がくりと分かりやすく肩を落とせば、ティポが頭に体当たりしてきた。
衝撃に軽く頭が揺れる。


「…ってのは冗談で。ちゃんと用意してるって」


ティポの体を手で払い顔を上げる前に、レイアに結構な強さでもって背中を叩かれた。
今度は前につんのめる。


「ジュードから貰うのに私達から何もあげないわけないじゃないですか!」


アルヴィンと違ってエリーゼは図々しくないからね。とのティポの追撃は、物理的にも脇へと押しやることで無視した。
それを余所に少女達は楽しそうに意気投合している。


「渡すものを考えるだけでも楽しいもんね」

「ドロッセルと交換するんです」

「ねー」

「ねー」


両手を合わせ、再び話に花を咲かせる少女達。


「…へー。ミラ様も?」

「うん。と言っても個別じゃなくて、みんなで食べられるものを3人で作るの」

「そのほうがお金もかかりませんから」

「確かにな」

「もちろん、みんなにも作るよ。だからジュードのは今日食べて、私達のは三日後にしたんだ」

「楽しみにしていて下さい」

「びっくりするようなすごいの作るから!」

「驚いて腰抜かすなよー」


腰に手をあて何やら自信満々に宣言するレイアとティポの発言に、どの方向にすごいのか。と突っ込むべきかアルヴィンは少し迷ったが、この場は聞かなかったことにした。
少女達の会話に水を差すような無粋な真似をしたくなかっただけであって、決して藪蛇を避けるためではない。


「…まぁ、その……、あまり頑張りすぎるなよ」


それでもせめてもの抵抗としてアルヴィンに言えた言葉はこれだけであった。
と、そこへ宿屋の入り口から見慣れた少年が姿を現した。
こちらが声をかけるより先に気付いた少年が、荷物片手に駆け寄ってくる。


「ただいま」

「おかえりジュード」

「待ってましたー!」

「おかえりなさい」

「お疲れ」


各々労いの言葉をかければ、近くまで駆け寄ってきたジュードがアルヴィンを見て次いでその周辺へと視線を移動させた。


「ミラとローエンは?」


ジュードの視線が再びアルヴィンへと向けられた。


「…さぁ?俺は姿見てないけど…、じーさんは散歩じゃねぇの?」


アルヴィンは微かな記憶を探ってみるが、やはり二人の姿を見ていないのは事実だったのでそう言って肩を竦めれば、ただの確認だったのかジュードは頷くと今度はレイア達へと顔を向けた。

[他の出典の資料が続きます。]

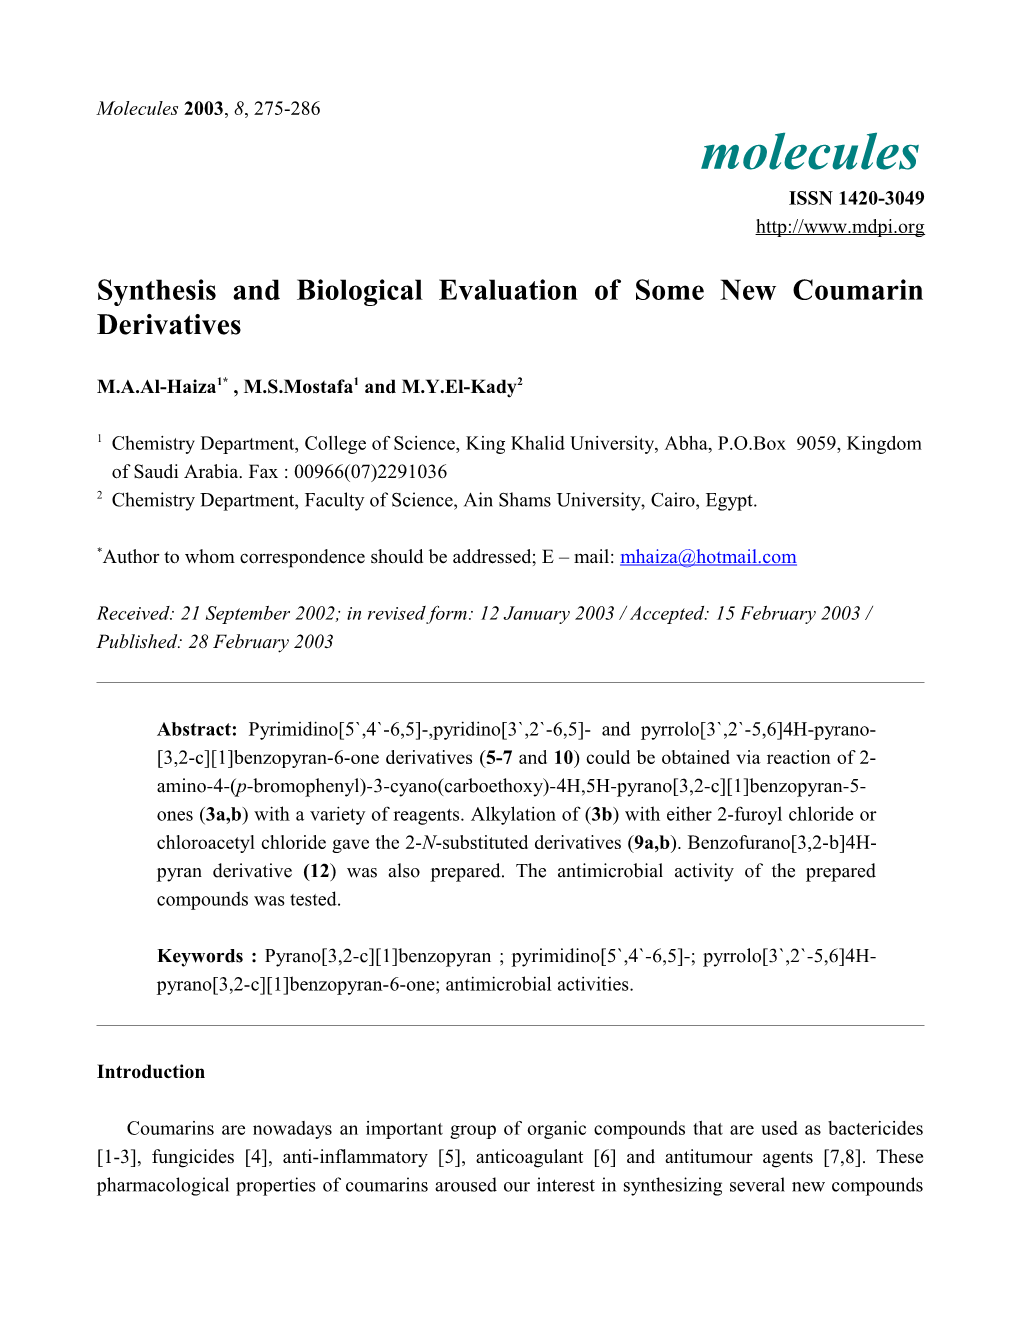 Synthesis and Evaluation of Biological Activity of Some New Coumarin Derivatives

「きっと夕方には帰ってくるよね。…それじゃ、僕は宿のキッチン借りてくるね」

「とても楽しみです!」

「どんなのが出来るのかなー」

「ジュードが作るのなら何でもいいよ。絶対においしいから」


そんな期待に満ちた眼差しと声にジュードは照れ臭そうに笑んだ。


「はは。凝ったモノは作れないけど、みんなの期待に添えられるように頑張るね」


そう言って荷物片手に立ち去るジュードの背中を見送ったアルヴィンは、何やら考えるように宙へと視線を向けた後再び盛り上がり始めた少女達に気付かれないように、静かにその場を辞した。